I'm analyzing a SNP located in a digital genomic footprint, as determined by DNase-seq at UW. My understanding is that a DNase footprint will see reduced DNase-seq reads due to transcription factor binding, which prevents DNase cleavage. So, read counts correlate with cleavage frequency.
In viewing the raw read coverage at this particular locus, however, there is INCREASING signal towards the center of the peak, rather than decreasing. Similarly, when I downloaded the BAM files for each experiment, and used samtools mpileup to view the read coverage at each base pair, I see that read coverage is highest right at the motif that is bound by the transcription factor (CTCF is known to bind at this region by ChIP-seq, and the CTCF core motif is represented by the highest number of reads, outside of which the reads drop off significantly).

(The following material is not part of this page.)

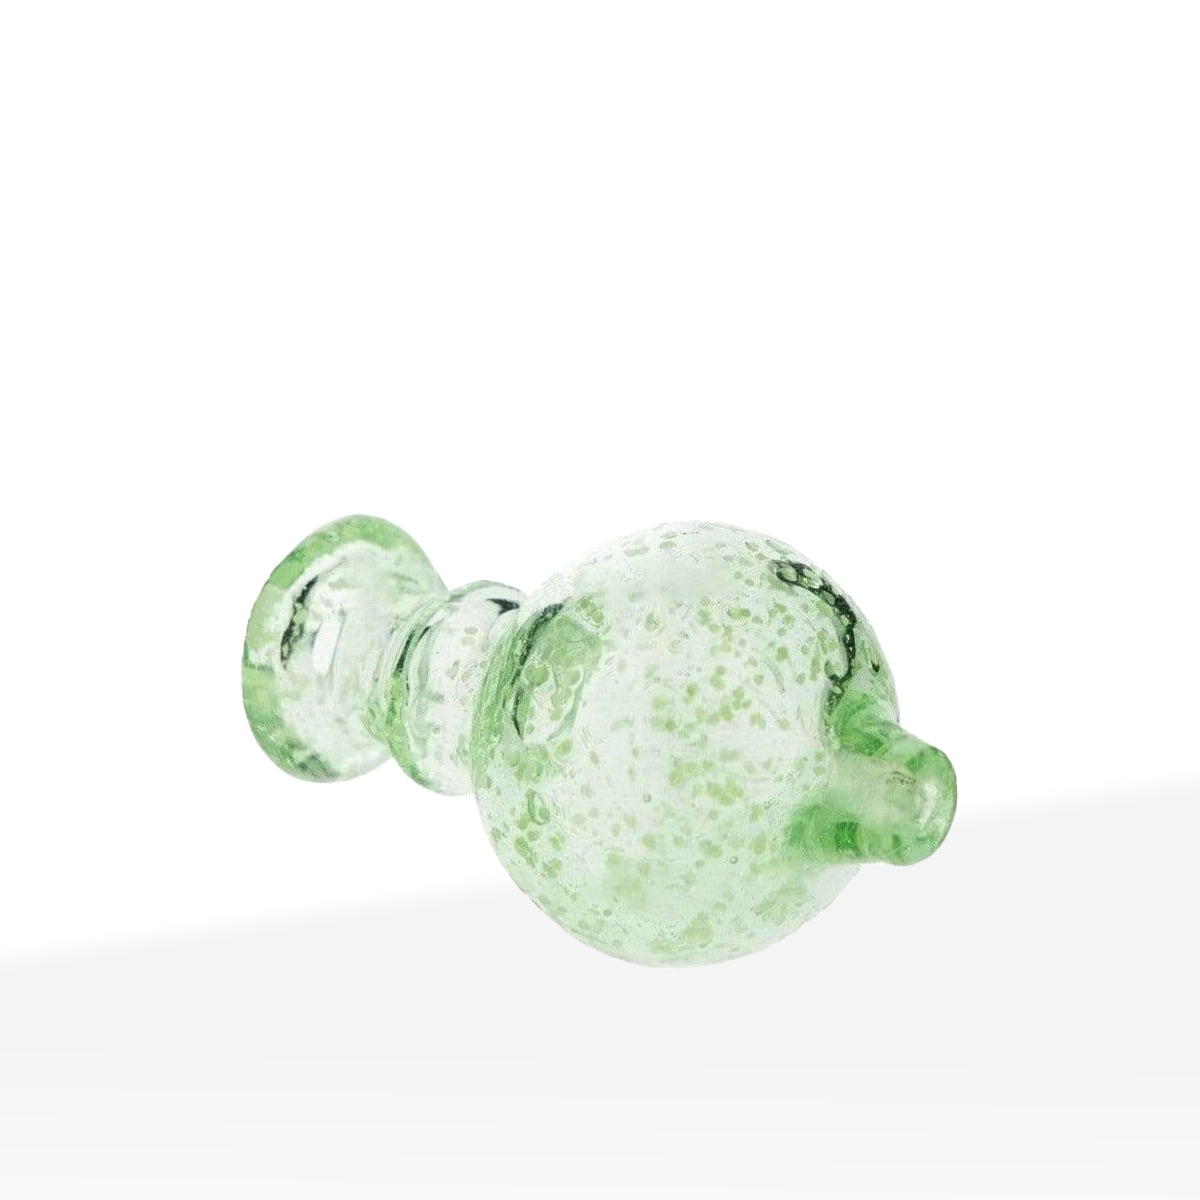 Glow in the Dark Round Carb Cap - Green

Now, this is opposite what the 2012 ENCODE paper (by John Stam's lab at UW) says about how they identify footprints - they say that footprints are identified by seeing a DECREASE in reads, flanked by areas of high read coverage, whereas I'm seeing (in both the genome browser and the BAM file using mpileup) an INCREASE in reads flanked by areas of very low coverage.
The SNP that I'm looking at within this footprint is covered by significantly more reads on the major allele chromosome than on the minor allele chromosome, when looking at heterozygous cells. Problem is I don't know if that means the major allele is more accessible to DNase cleavage, or less accessible.
If anyone knows how mpileup works, it might help me understand this discrepancy.